TODO merge in notes from 6.864 shingles markov chain pos tagging logistic stemming porter stemming: exclusion lists

general NLP problems

- POS tagging
- sentence detection
- tokenization/segmentation: figuring out word/sentence boundaries
- simplest: over all possible segmentations, return seg w max prod over all words of P(word)

- chunking
- parsing
- named entity recognition
- coreference

misc

- n-grams of chars: useful for language guessing

term frequency inverse document frequency (TFIDF)
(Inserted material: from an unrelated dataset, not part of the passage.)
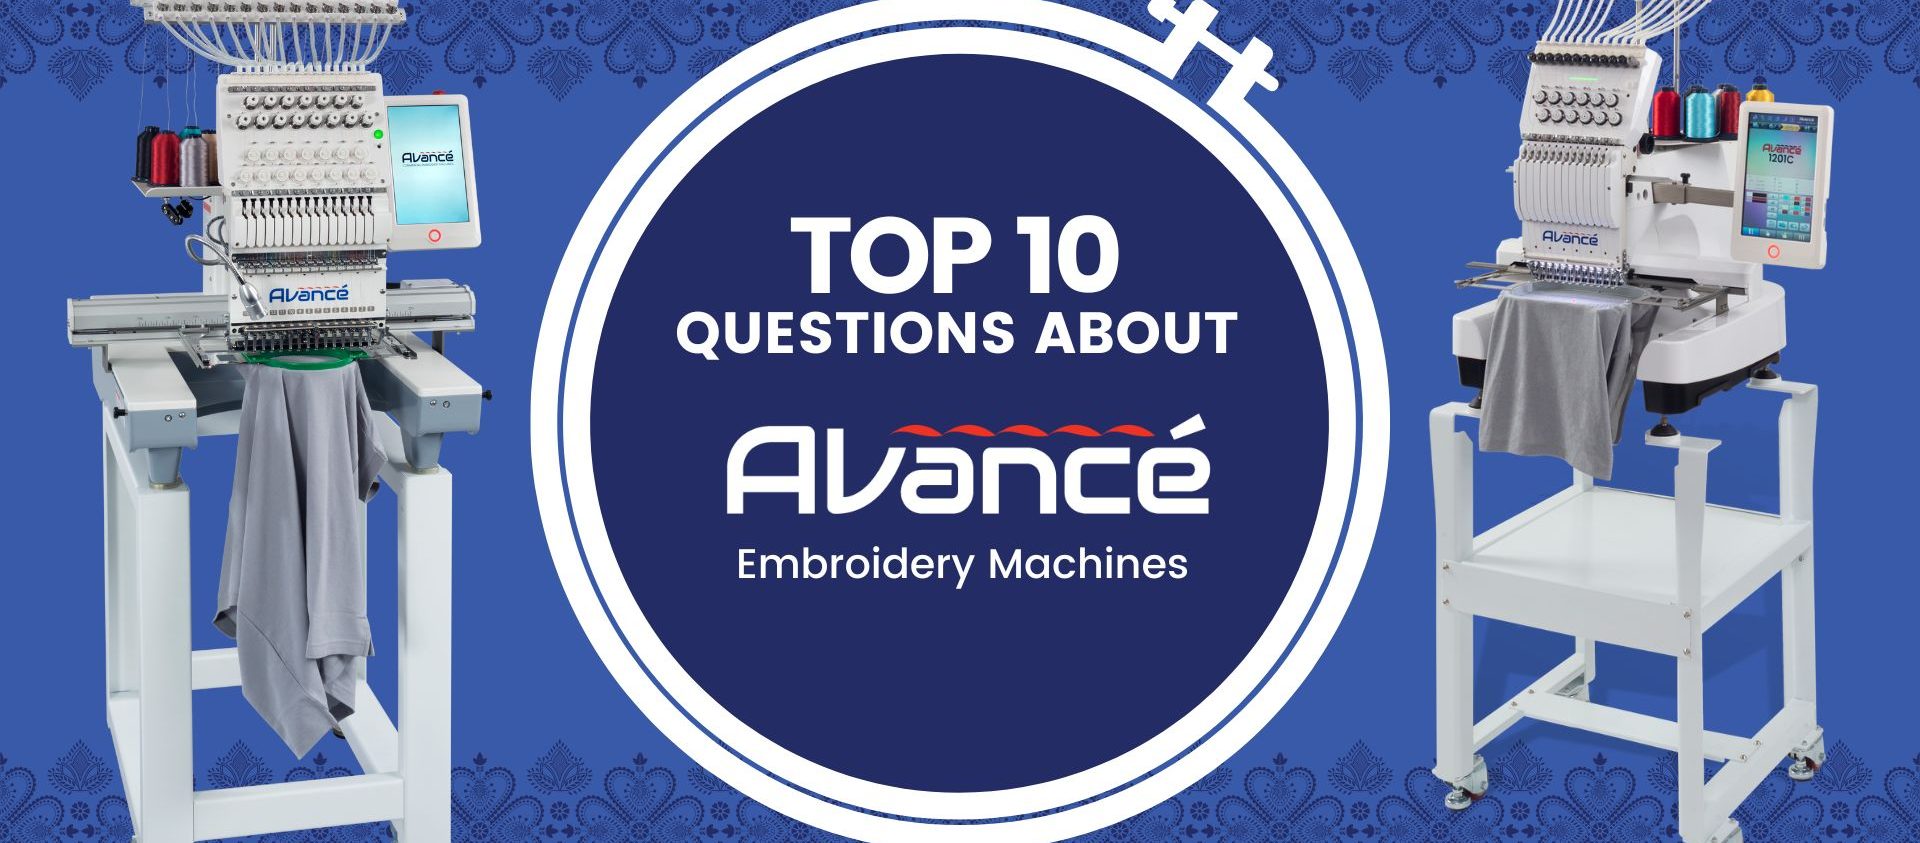 Top 10 Questions About Avancé Embroidery Machines

term frequency is num occurrences of term t_i in doc d_j over total num words in d_j (how prominent t_i is in d_j):

tf_{i,j} = \frac{ n_{i,j} }{ \sum_k n_{k,j} }inverse document frequency is num docs over num docs with t_i (more common words are less important):

idf_i = \log \frac{ |D| }{ | \{ d : t_i \in d \} | }tf-idf = tf * idf

soundex algorithm

- rudemintary “sounds-alike” phonetic algorithm for encoding things that sound similar to the same representation, for matching

vector space model

- represent text docs as vectors of identifiers
- eg index terms: each dim corresponds to a term; some possible values are:
- bits indicating presence
- counts
- tf-idf

- relevancy rankings: treat query as doc, find most cosine-similar doc
- limitations
- long docs poorly represented, have poor similarity values (small scalar product/numerator and large dimensionality/denominator)
- order information not preserved

cosine similarity

- \frac{A \cdot B}{\|A\| \|B\|}
- intuitively, find angle between vector representations of docs
- don’t actually need to calc cosine; can just leave as is; ordering preserved
- -1 means opposite, 0 means same, 1 means identical; in IR, components are always non-neg, so range is [0,1]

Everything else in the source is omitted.